◆ **REQUIRED WORK**
The material below includes pictures; leave them out and return only the lines between the line containing "Beautiful Bride On" and the line containing "Lenovo Ideapad Y700, 17", inclusive, word for word.

EXCERPTED DATA: Begin

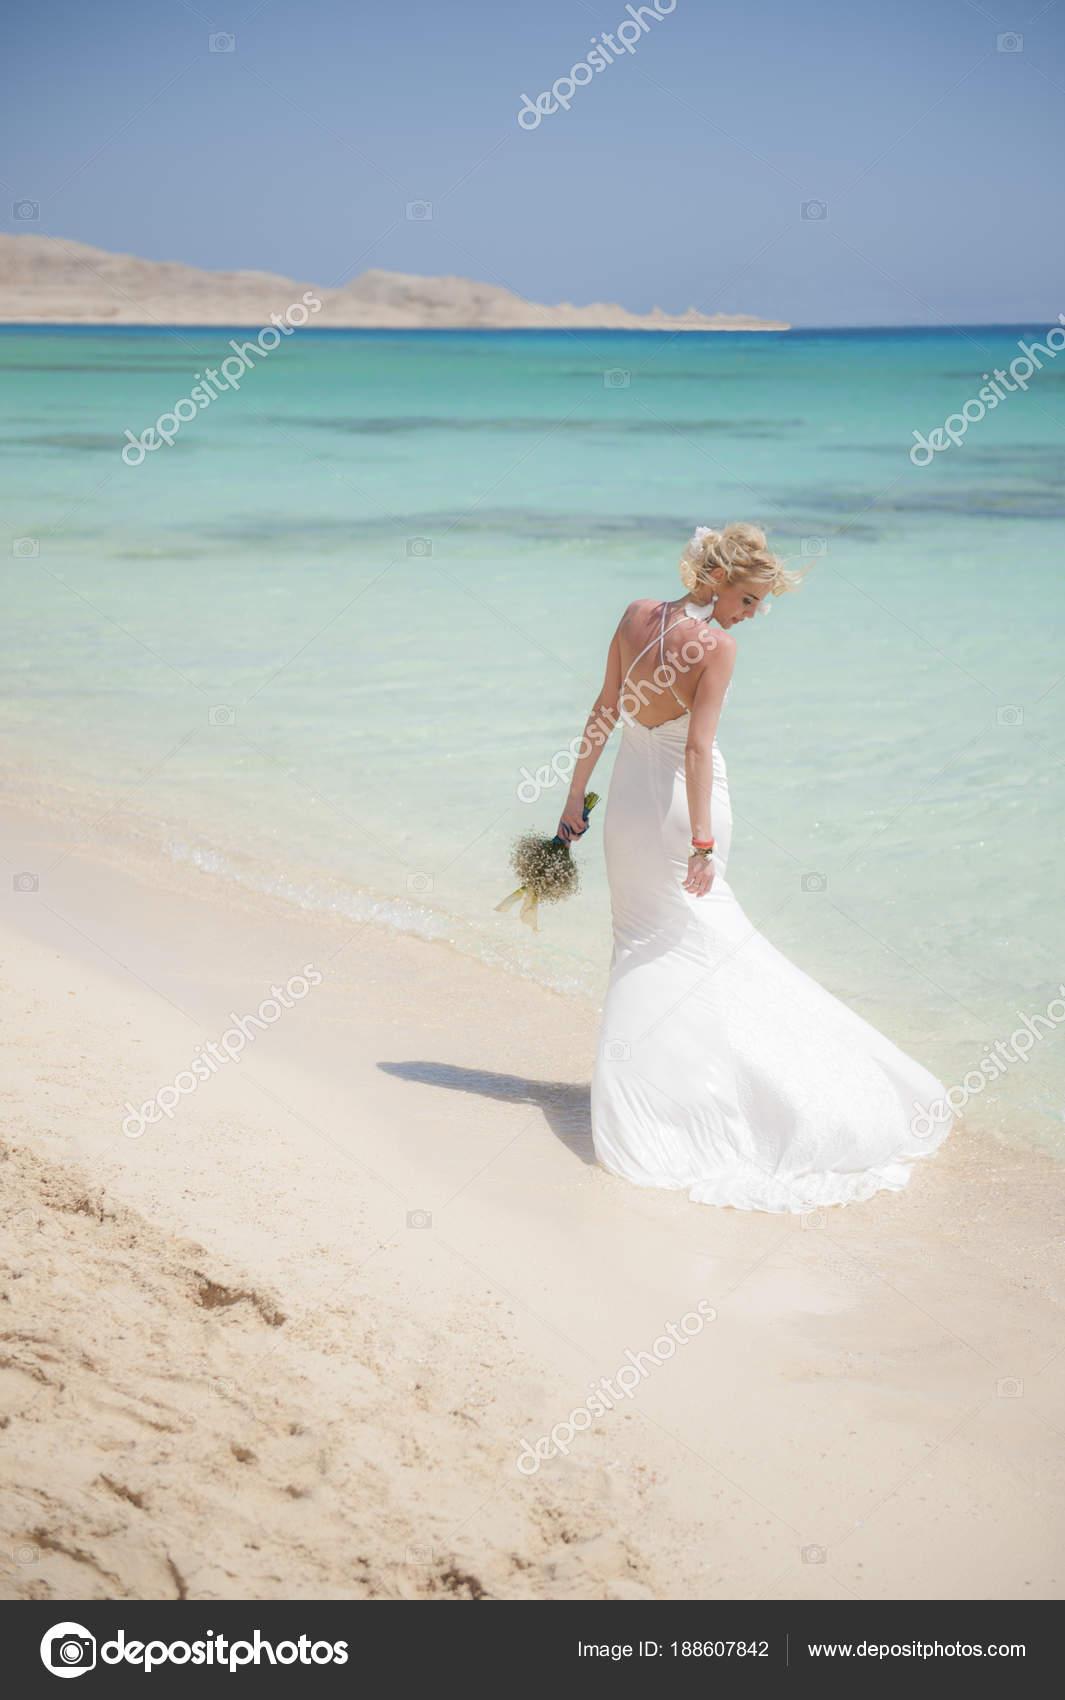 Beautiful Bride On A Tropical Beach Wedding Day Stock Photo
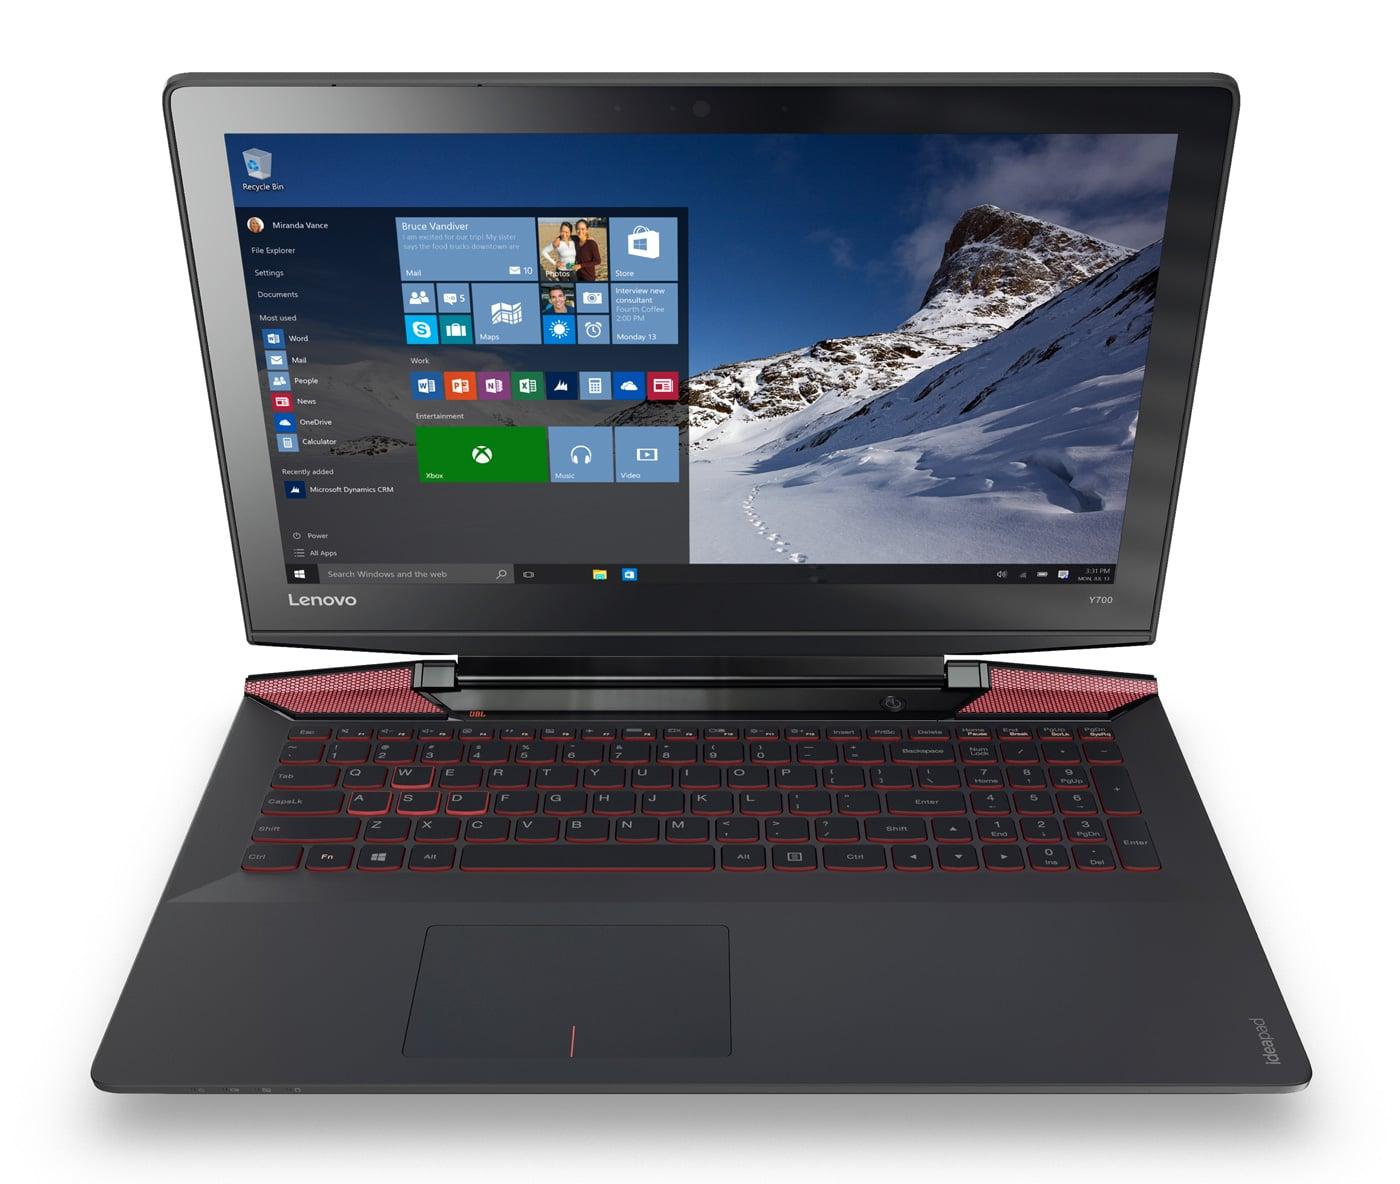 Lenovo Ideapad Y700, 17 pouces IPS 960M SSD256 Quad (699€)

EXCERPTED DATA: End
EXCERPTED DATA: Begin

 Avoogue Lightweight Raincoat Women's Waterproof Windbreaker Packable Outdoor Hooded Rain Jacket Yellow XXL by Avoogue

EXCERPTED DATA: End

◆ **ANSWER FOR THE TASK**
 Beautiful Bride On A Tropical Beach Wedding Day Stock Photo
 Lenovo Ideapad Y700, 17 pouces IPS 960M SSD256 Quad (699€)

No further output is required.